I came across an advert in the Irish Fighter magazine.  It's the most recent one (Issue 2 -2012).

Says:



> Lee Famly System of Chinese Physical Culture (and a logo for the International Taoist Society).
> 
> for  Fitness|Health|Self Defense
> 
> Classes in Dublin City centre. and a contact number: (01) 855 7699



_My question is, does anyone know people who trains in this system?_ 
See here:
http://en.wikipedia.org/wiki/Lee-style_t'ai_chi_ch'uan
And there other links online of its purported lineage/roots.
Originally when I saw the ad I thought it might have something to do with the southern family/Shaolin derived Lee-Ka Kuen. But guess I was wrong. I really want to know if there are people out there still practicing the Lee family style, or is it just something found in remnants in Choy Li Fut, Fut (Buddha)-gar and Bak Mei in a basic form?  

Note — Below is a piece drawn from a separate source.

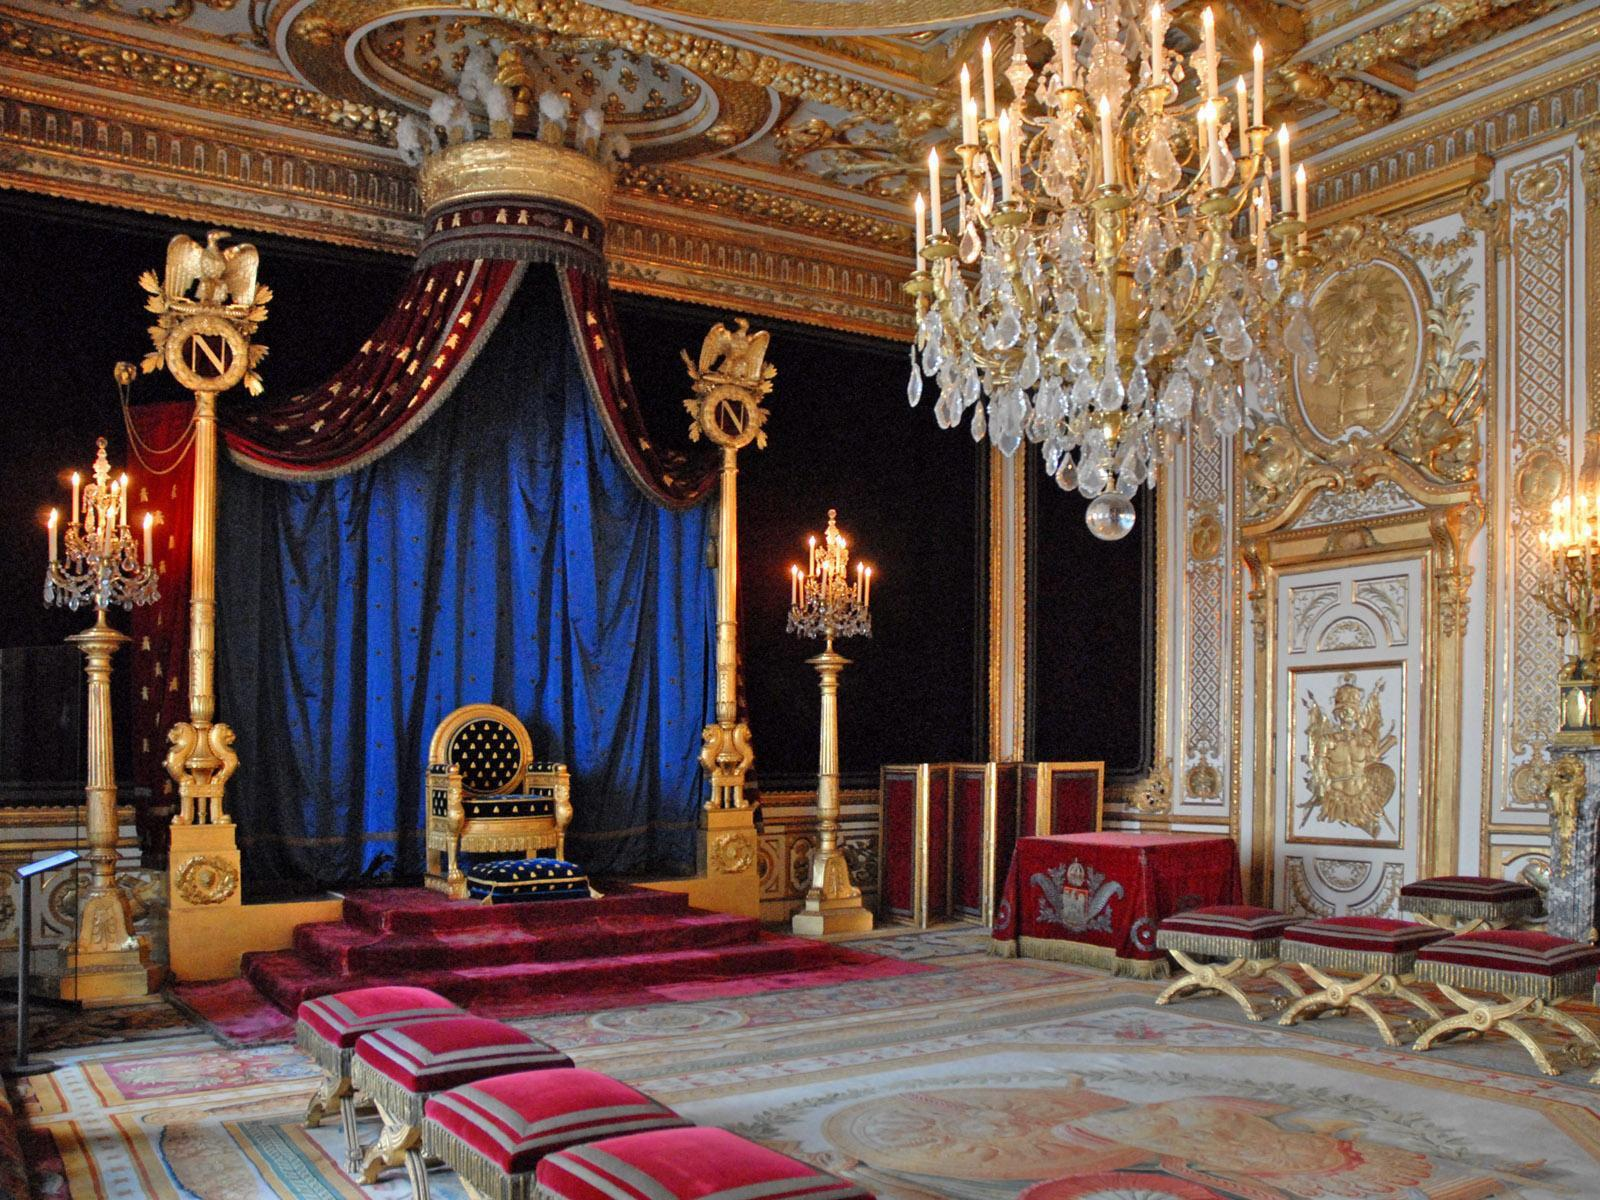 Grands Appartements-Palais de Fontainebleau (4)

My father (he practiced Bak Mei in his youth) once said to me a lot of the Lees start with their family style before progressing to another style like Bak Mei.  Lee-gar was good for street fighting, but not so much good as kung fu. I think he meant it wasn't really much good to be used against another trained kung fu practitioner, but good in civil defense against the common ruffian.


----------



## oaktree (Jun 13, 2012)

I do not see anything online that says International Taoist society. I do get International Taoist Tai chi society which is well...:boing1:

  Best thing to do is call and ask them. The Lee style isn't as popular as the other family styles and if it were me going to someone claiming it I would really do my research on it because it is a little obscure than say Yang or Chen.


----------